Seufzend drehte sie sich wieder um und betrachtete die Tote. Dita war eine auffallend attraktive junge Frau gewesen. Ana überlegte und rechnete nach. Dita musste Anfang zwanzig sein. Das rote Designerkleid deutete darauf hin, dass sie ein Event besucht hatte.
»Gab es hier in der Umgebung gestern eine Veranstaltung?«, fragte sie einen Polizisten.
»Ja. Gestern war die Wahl der Miss Balear im Puro Beach Club«, antwortete der Beamte.
»Dann wird Dita sicher dort gewesen sein. Schick sofort einen Mann hinüber, der soll sich erkundigen«, wies sie den Polizisten an. Dann drehte sich Ana zu Francisco, dem Gerichtsmediziner, der stumm neben der Leiche kniete. Francisco machte bei seiner Arbeit immer ein mürrisches Gesichts und wirkte dadurch griesgrämig, aber in Wirklichkeit war er sanft wie ein Lamm.
»Weißt du schon, wie sie gestorben ist?«, fragte Ana.
»Sie hat einen gezielten Messerstich ins Herz erhalten. Sehr präzise und mit großer Kraft, soweit ich das jetzt schon beurteilen kann«, erwiderte Francisco. »Genaueres kann ich dir allerdings erst nach der Obduktion sagen.«
»Danke.« Ana beugte sich über Ditas Körper. Das Kleid war an der Brust blutgetränkt und ein paar der Pailletten fehlten.
»Ist das nicht Dita Fuentes, die neue Miss Balear?«, fragte plötzlich der Polizeifotograf, der soeben an den Tatort gekommen war. »Natürlich, das ist sie.«
»Wie, sie ist die Miss Balear?«, fragte Ana überrascht. »Das ist wirklich tragisch. Die arme Dita.«
»Kennst du sie näher?«, fragte der Polizeifotograf und schoss aus allen möglichen Perspektiven Bilder von der Toten.
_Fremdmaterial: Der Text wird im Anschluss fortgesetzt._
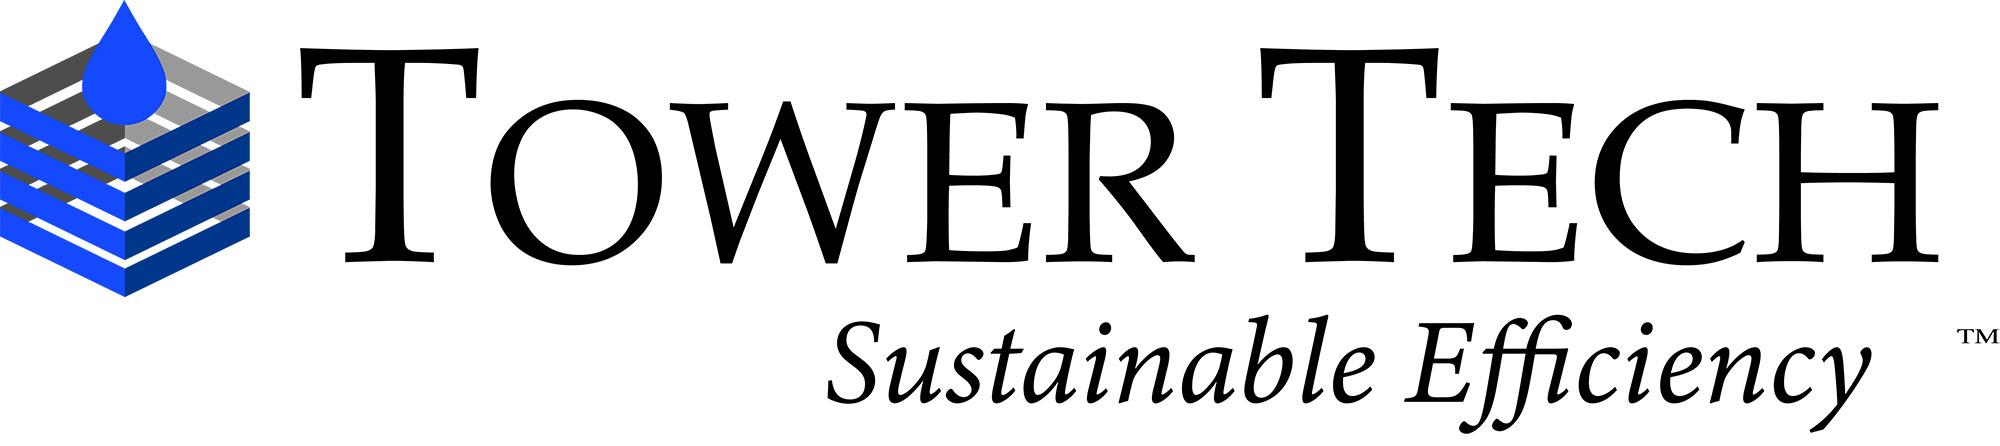 Tower Tech Logo
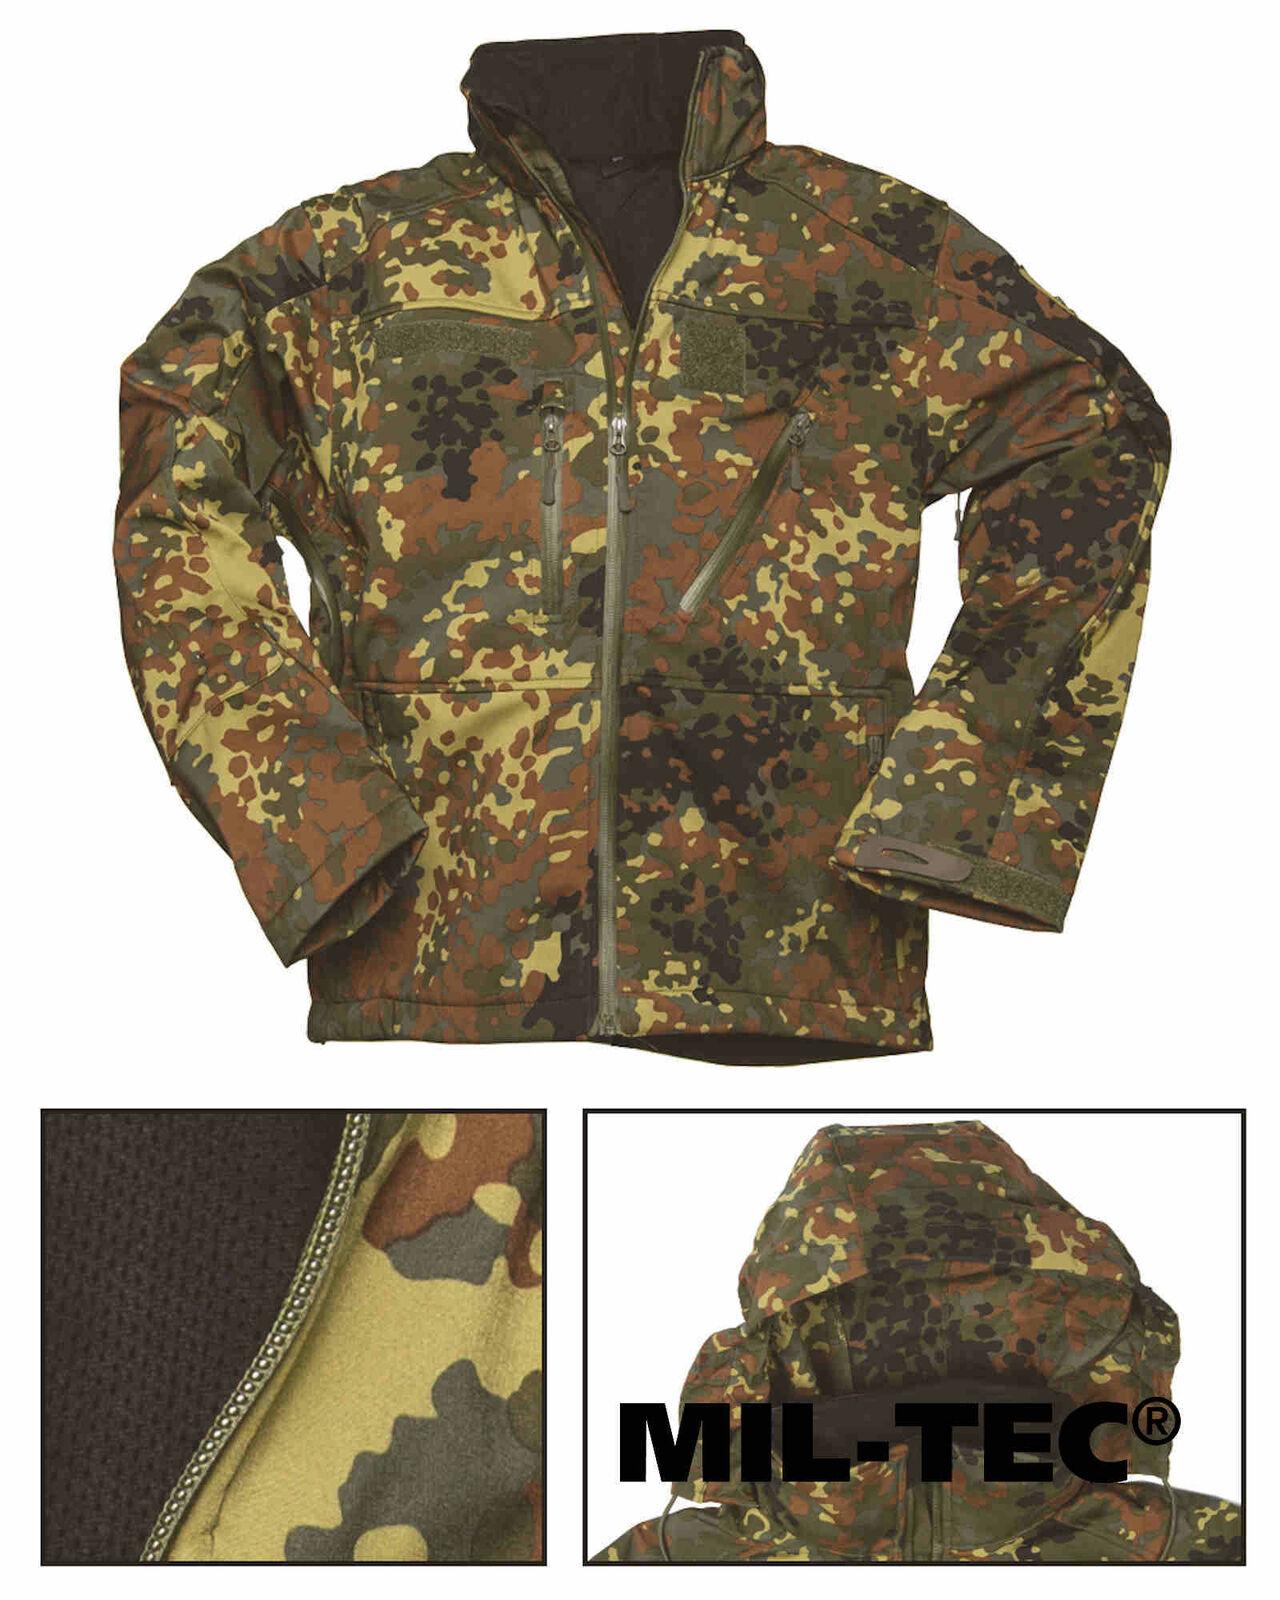 Mil-Tec TACTICAL HEMD WARRIOR SCHWARZ Outdoorjacke Jacke

»Ja. Sie war die Tochter einer Nachbarin meiner Mutter. Aber dass sie letzte Nacht die Misswahl gewonnen hat, wusste ich nicht.«
»Oh, sie war die neue Miss Balear?«, sagte Francisco beeindruckt. »Da hat sie aber nicht viel von ihrem Titel gehabt.«
»Ja, leider. Das Leben ist manchmal ungerecht. Kannst du mir auch etwas zum Todeszeitpunkt sagen?«
»Ausgehend von ihrer derzeitigen Körpertemperatur schätze ich zwischen Mitternacht und zwei Uhr. Aber Genaueres gibt es wie gesagt erst nach der Obduktion.«
In diesem Moment hielt ein Wagen auf der Straße oberhalb des Strandes und ein hünenhafter Mann stieg aus. Als er Ana entdeckte, winkte er ihr zu und stapfte schwer atmend die Böschung hinunter.
»Ich war gerade drüben im Beach Club. Die Tote ist Dita Fuentes!«, rief er schon von Weitem und wedelte mit einem Blatt Papier. »Sie ist die neue Miss Balear.«
»Das weiß ich bereits und ich kannte sie auch. Sie war die neue Miss Balear«, verbesserte Ana ihren Chef Pedro Gonzales, der von allen nur »El Papa« genannt wurde. »Ihr Tod wird sicher ein ziemliches Medienecho hervorrufen.«
»Deshalb bin ich auch hier«, antwortete El Papa und wischte sich den Schweiß von der Stirn. »Um dir die Aasgeier vom Leibe zu halten.« El Papa deutete nach oben, wo bereits ein Reporterwagen parkte, aus dem gerade zwei Personen mit Kameras stiegen.